### Prompt
The line containing "Back-height 42." marks the end: copy exactly every line from the start of the records below up to and including it, leaving out pictures.

#### Available data

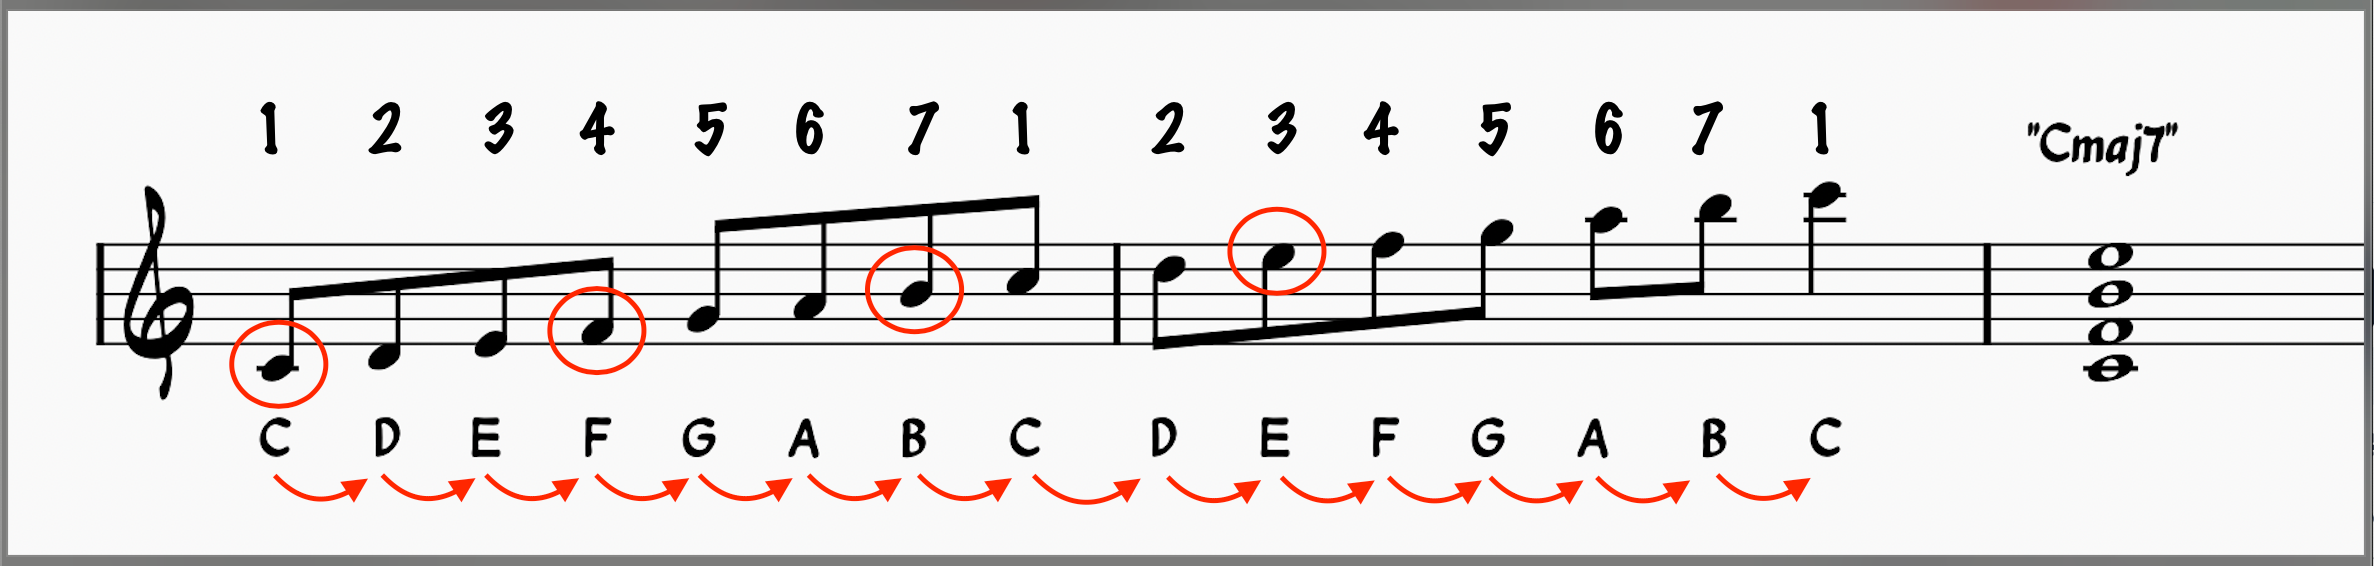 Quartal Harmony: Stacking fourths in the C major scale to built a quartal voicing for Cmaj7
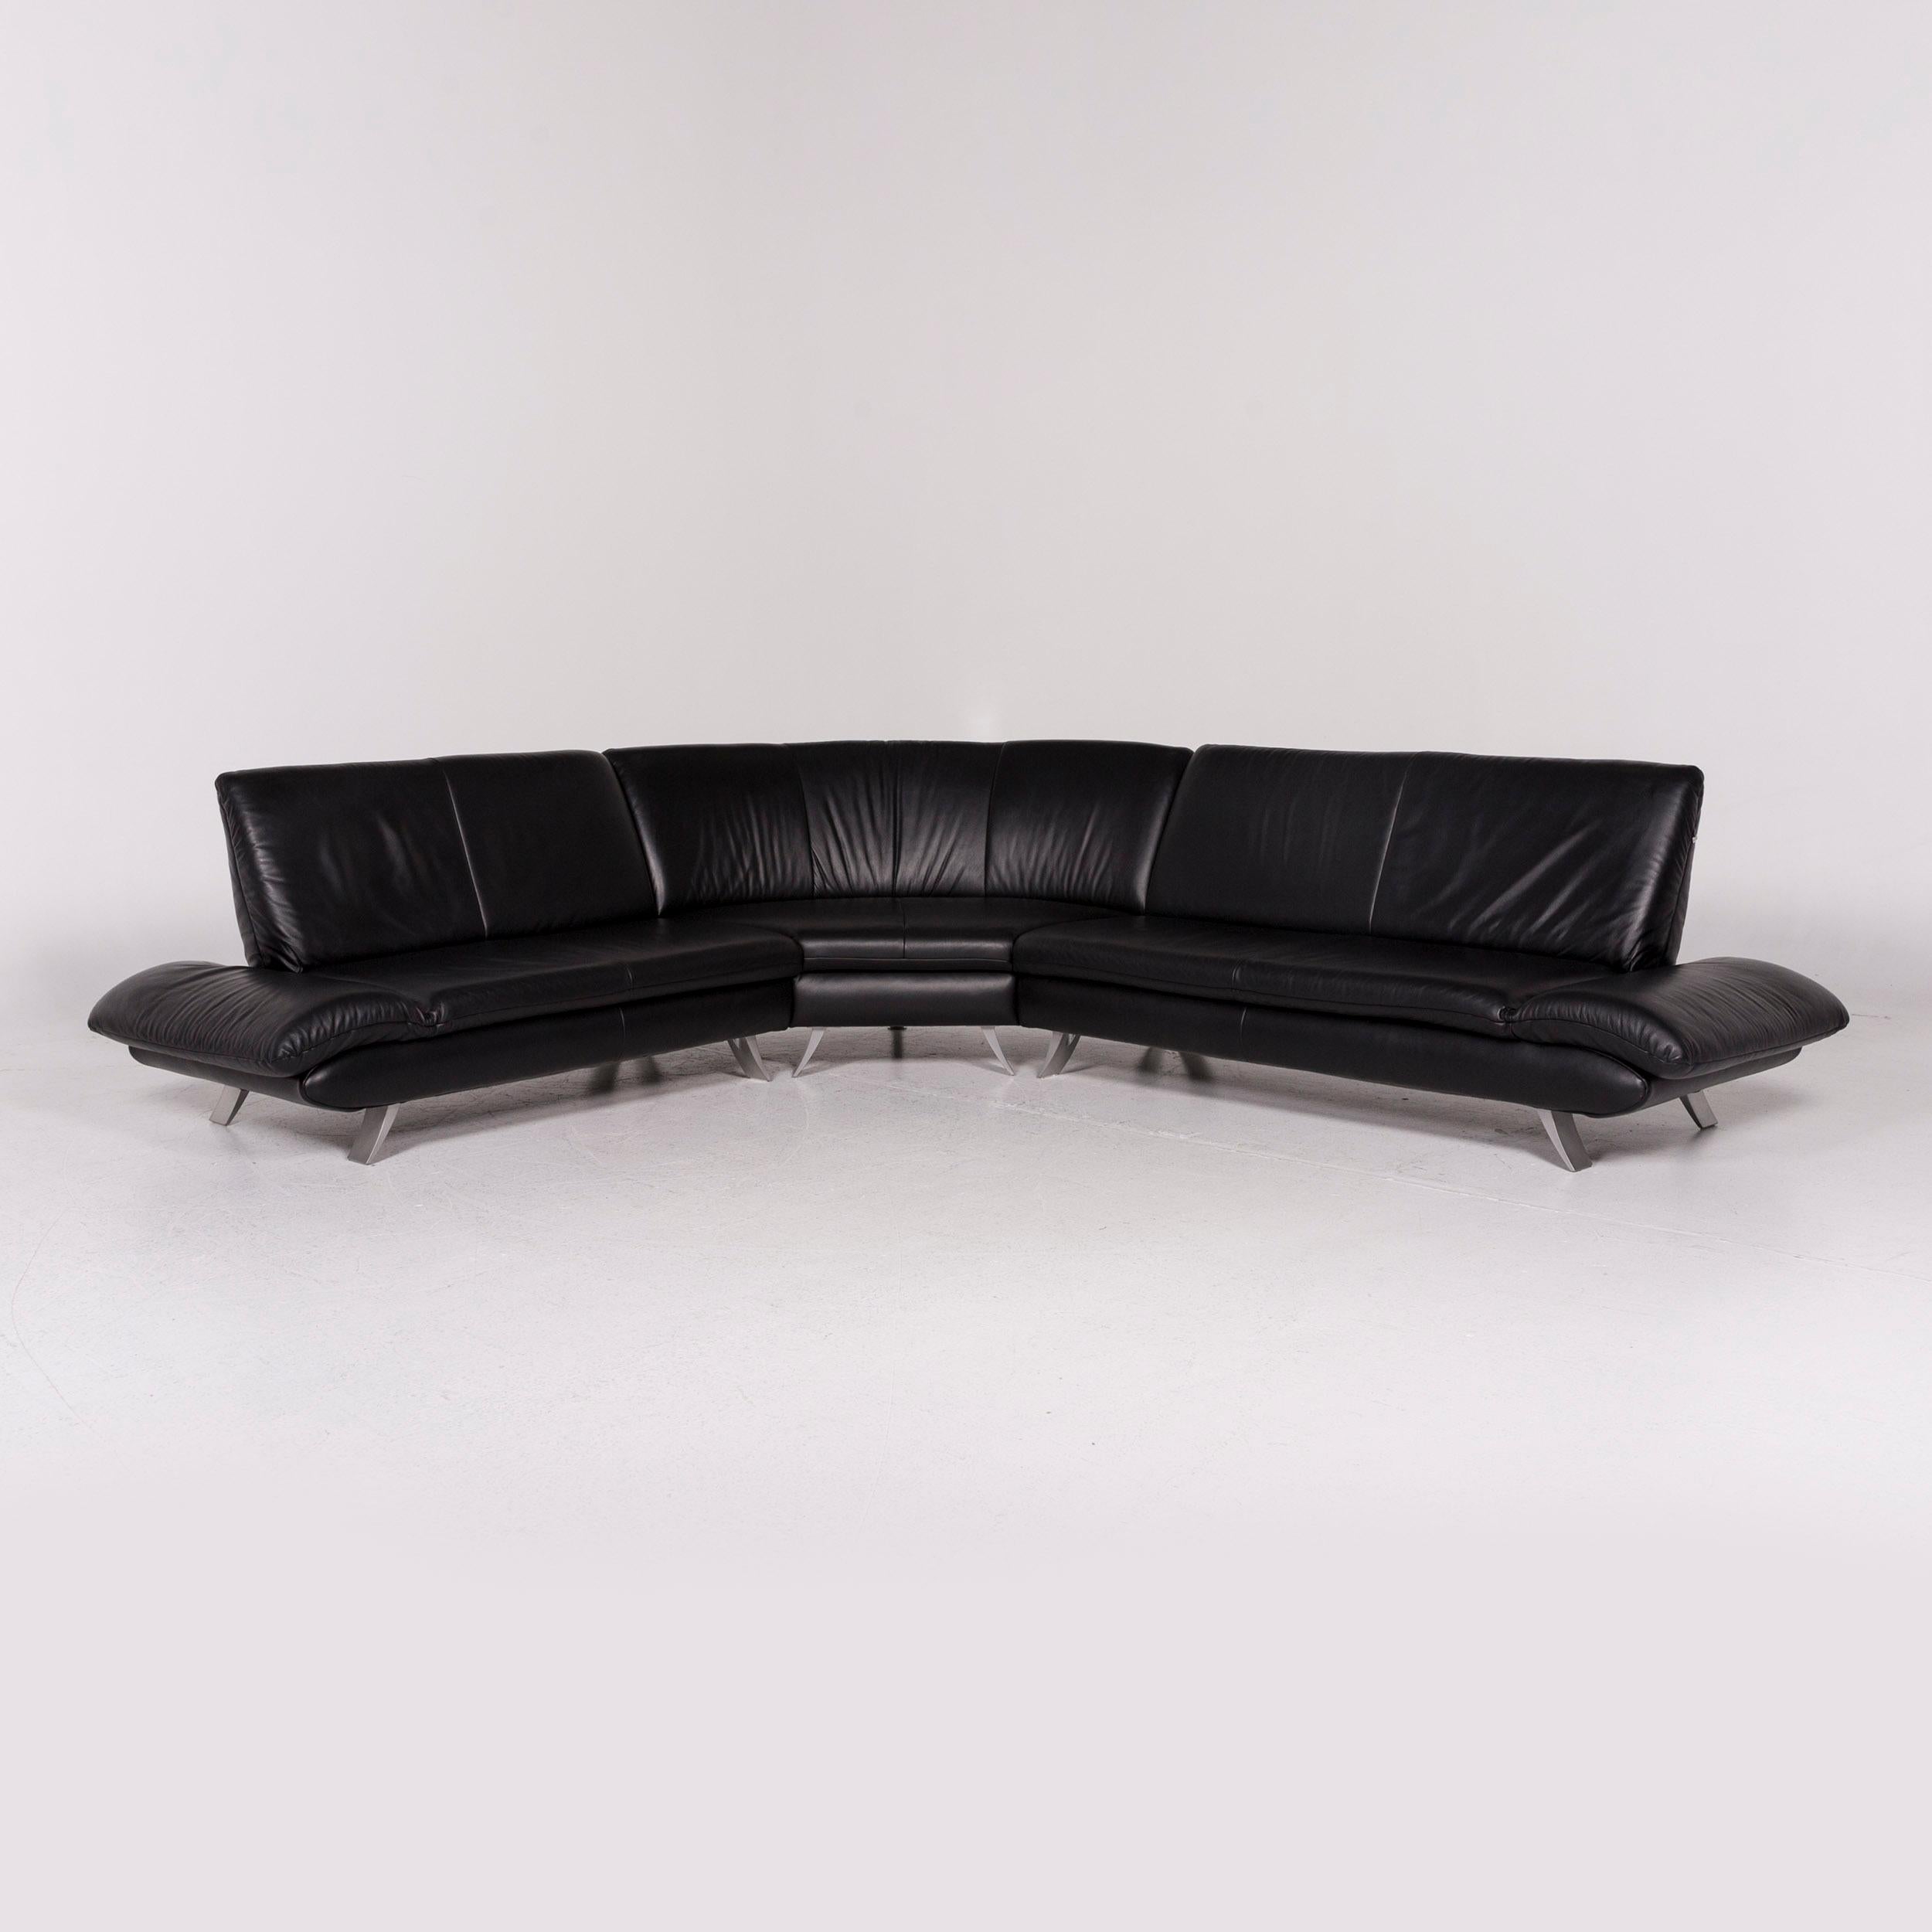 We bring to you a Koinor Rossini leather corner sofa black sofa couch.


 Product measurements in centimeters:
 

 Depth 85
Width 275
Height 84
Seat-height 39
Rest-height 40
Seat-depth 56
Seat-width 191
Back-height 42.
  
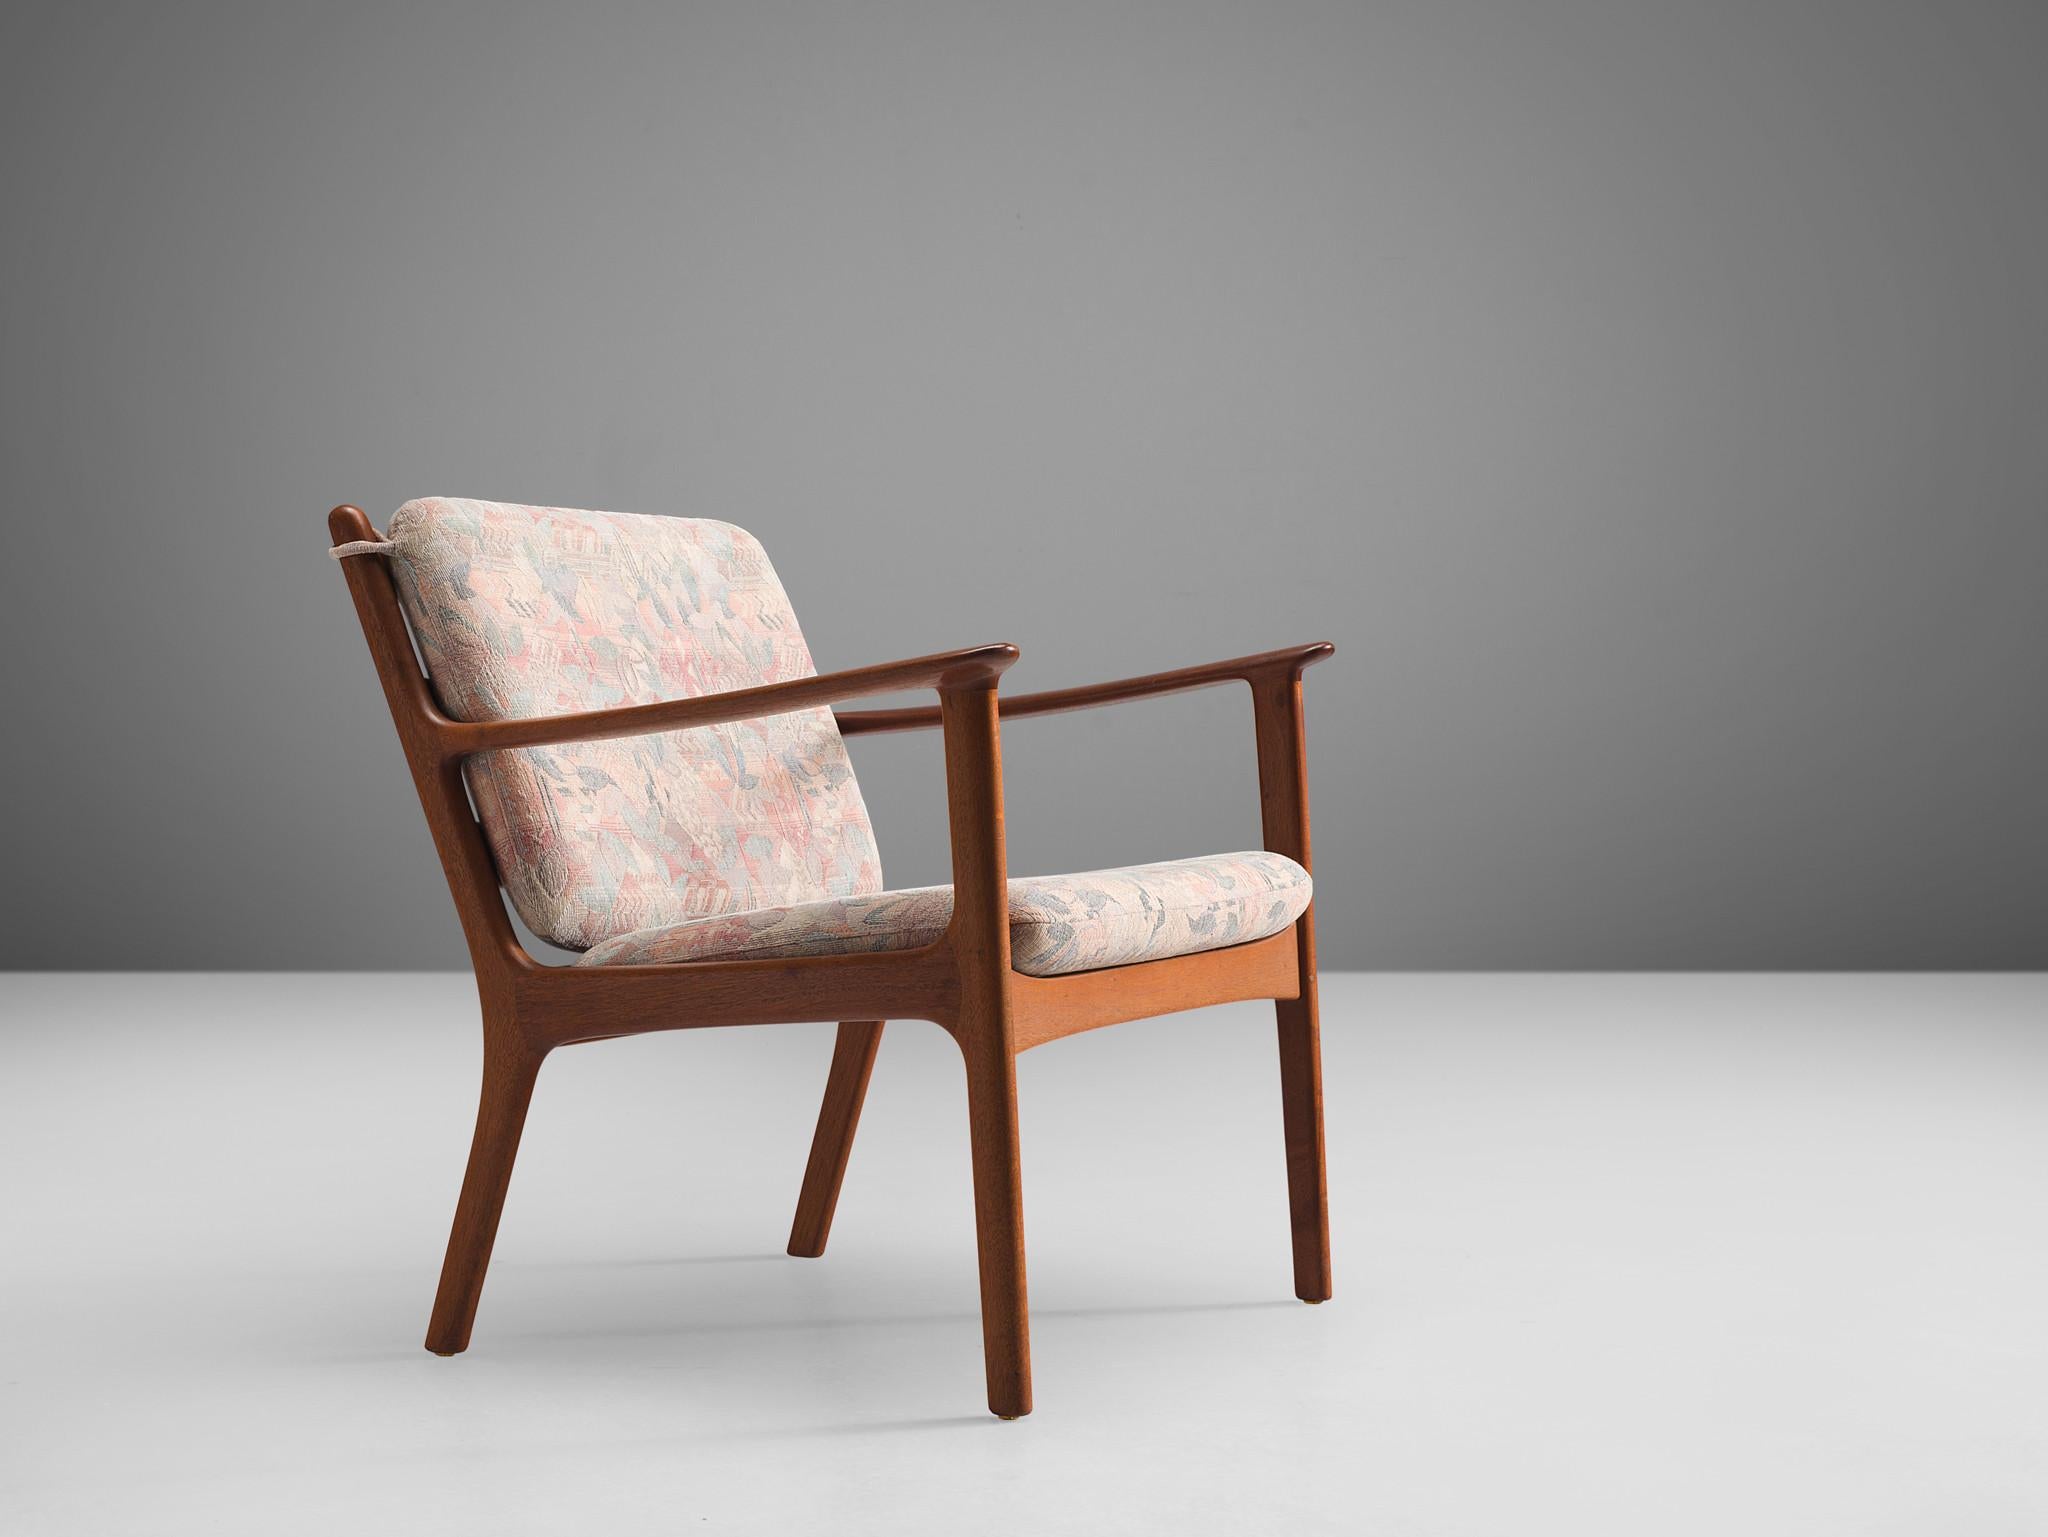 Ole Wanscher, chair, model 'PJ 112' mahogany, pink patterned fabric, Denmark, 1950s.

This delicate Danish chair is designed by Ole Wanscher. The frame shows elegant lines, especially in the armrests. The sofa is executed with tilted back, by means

########

### Exercise response
 Quartal Harmony: Stacking fourths in the C major scale to built a quartal voicing for Cmaj7
 We bring to you a Koinor Rossini leather corner sofa black sofa couch.


 Product measurements in centimeters:
 

 Depth 85
Width 275
Height 84
Seat-height 39
Rest-height 40
Seat-depth 56
Seat-width 191
Back-height 42.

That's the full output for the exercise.